I wished he would stop saying that in my face. “Who are you?” I asked.
“Thorne.”
“And who are you?” I mimicked him.
He chuckled. “I’m his Be —“ he paused, catching himself. The old man glared at him, calling him stupid in all other languages. “Beloved brother.” He smiled with a strain at me.
“Icarus never told me he has a brother.”
“He never tells you anything,” the old man belittled me.

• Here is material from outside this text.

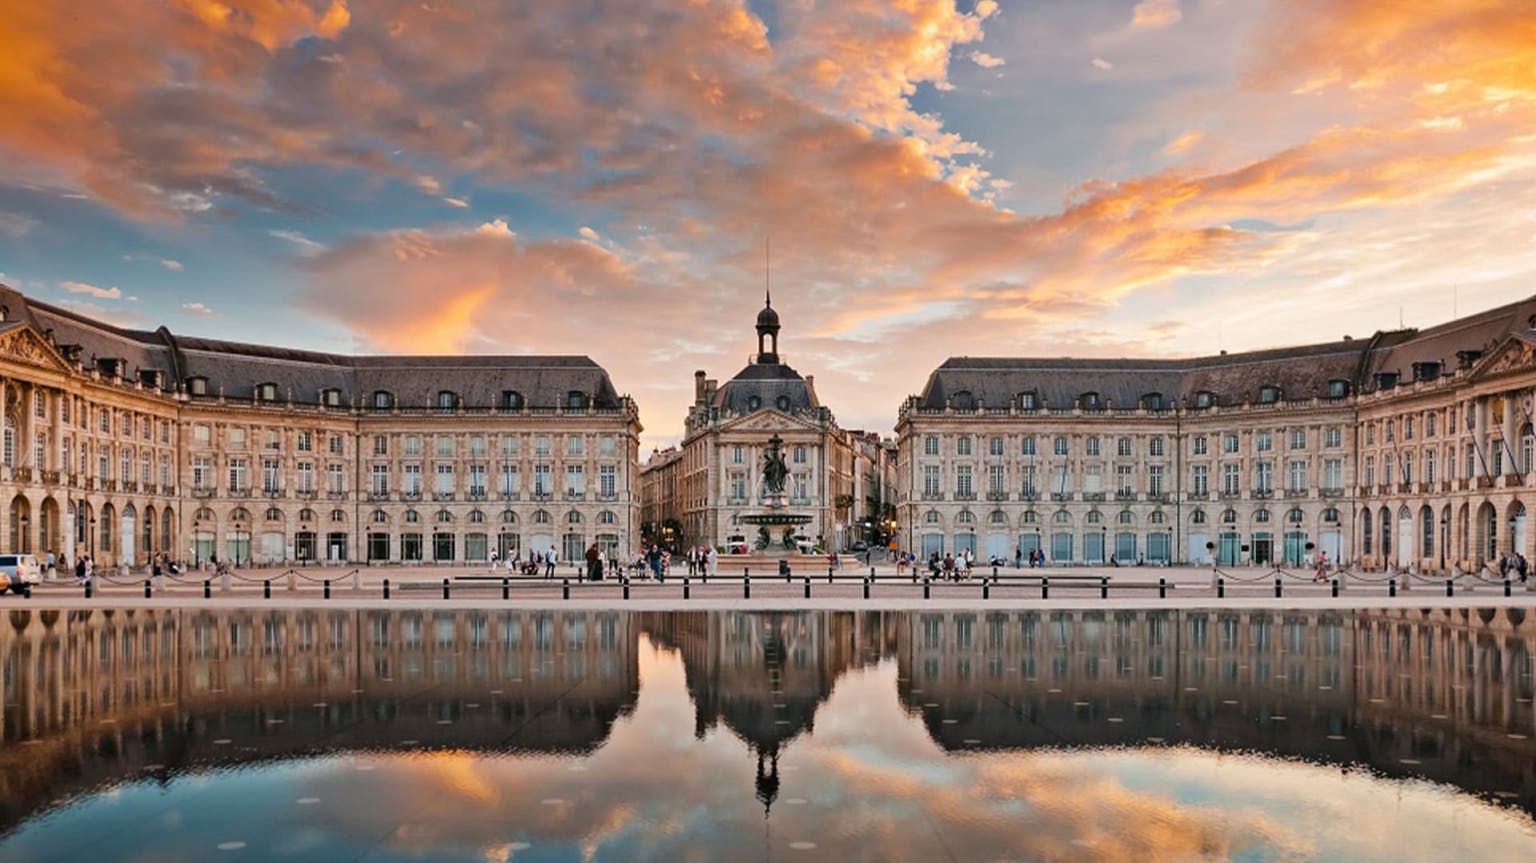 La Place de Bordeaux takes on the world's iconic wines

“Okay, then.” I cleared my throat.
The air became awkward and I quickly saw myself out. But before then, Thorne grabbed my arm, causing me to gasp. “You don’t want to snoop around here, girl. Consider it a warning.”
“And why is that?”
“You might find secrets that you don’t want to find.”
~ ~ ~
He knocked in the middle of the night, snapping me out of my reverie. I was in the process of clenching my fists so hard so I would not tremble anymore. My palms had little crescent moon blood on them. Proof of how much I was trying.
Still, with shaky knees, I walked toward the door and I opened it.
I found him in the hallway.
He was just standing there.
His back was to me. His hands were clenched at his sides. His hair was wet — again — dripping down his neck. He smelled like rain, wet soil, and something restrained.
“Icarus,” I whispered his name and it sounded like an oath.
He did not turn. I took a step closer, holding one firm hand on the knob. My body throbbed at the sight of him. I wanted to reach for him, to touch him — but his back muscles flexed as if he already knew I was going to do it.
“Icarus —“ He exhaled deeply. “You left all day.” His neck tensed. “I needed you,” I confessed.
He finally turned his head — just barely. And his eyes burned gold. “Don’t,” he growled. “Not tonight.”
I took another step. “You can’t just leave me like this. It hurts. Somehow — I find myself needing you and when you’re near, it disappears.”
He turned fully now, towering over me. His nostrils flared. His chest rose and fell in sharp, angry breaths. “You were wandering again today —“
“I am not a prisoner here.”
“You aren’t, but —“
“What — I can’t go to the library again? Is it meant for the male eyes only?”
“No. It holds secrets, that’s why. Ancient secrets,” his jaw hardened.
“And I can’t know about them?”
Icarus hesitated. He nodded without saying anything.
“Icarus?”
“Hmm?”
“I lust for you, aren’t I?”
Icarus was mortified. “You need to shut up.”
“This isn’t fair! If you know how to help me then tell me.”
He suddenly lunged, and my back hit the walls. His hand slammed into the wall beside my head.
I gasped.
He leaned in, nose to my throat, breathing me in. His body did not touch mine, but it was close. Too close.
“What are you doing?”
“You will sleep in the east wing from now on.”
I froze. “What?”
“There’s a barrier there. My scent won’t reach you. Yours won’t reach me. You’ll be able to breathe.”
“Don’t you dare lock me away —“
“It’s for your own protection.”
“For you maybe. Not for me. Why would I need protection?”
Icarus’s face fell. He grabbed my shoulders — firm and trembling. “You are not ready for what I would become if I gave in to temptation.”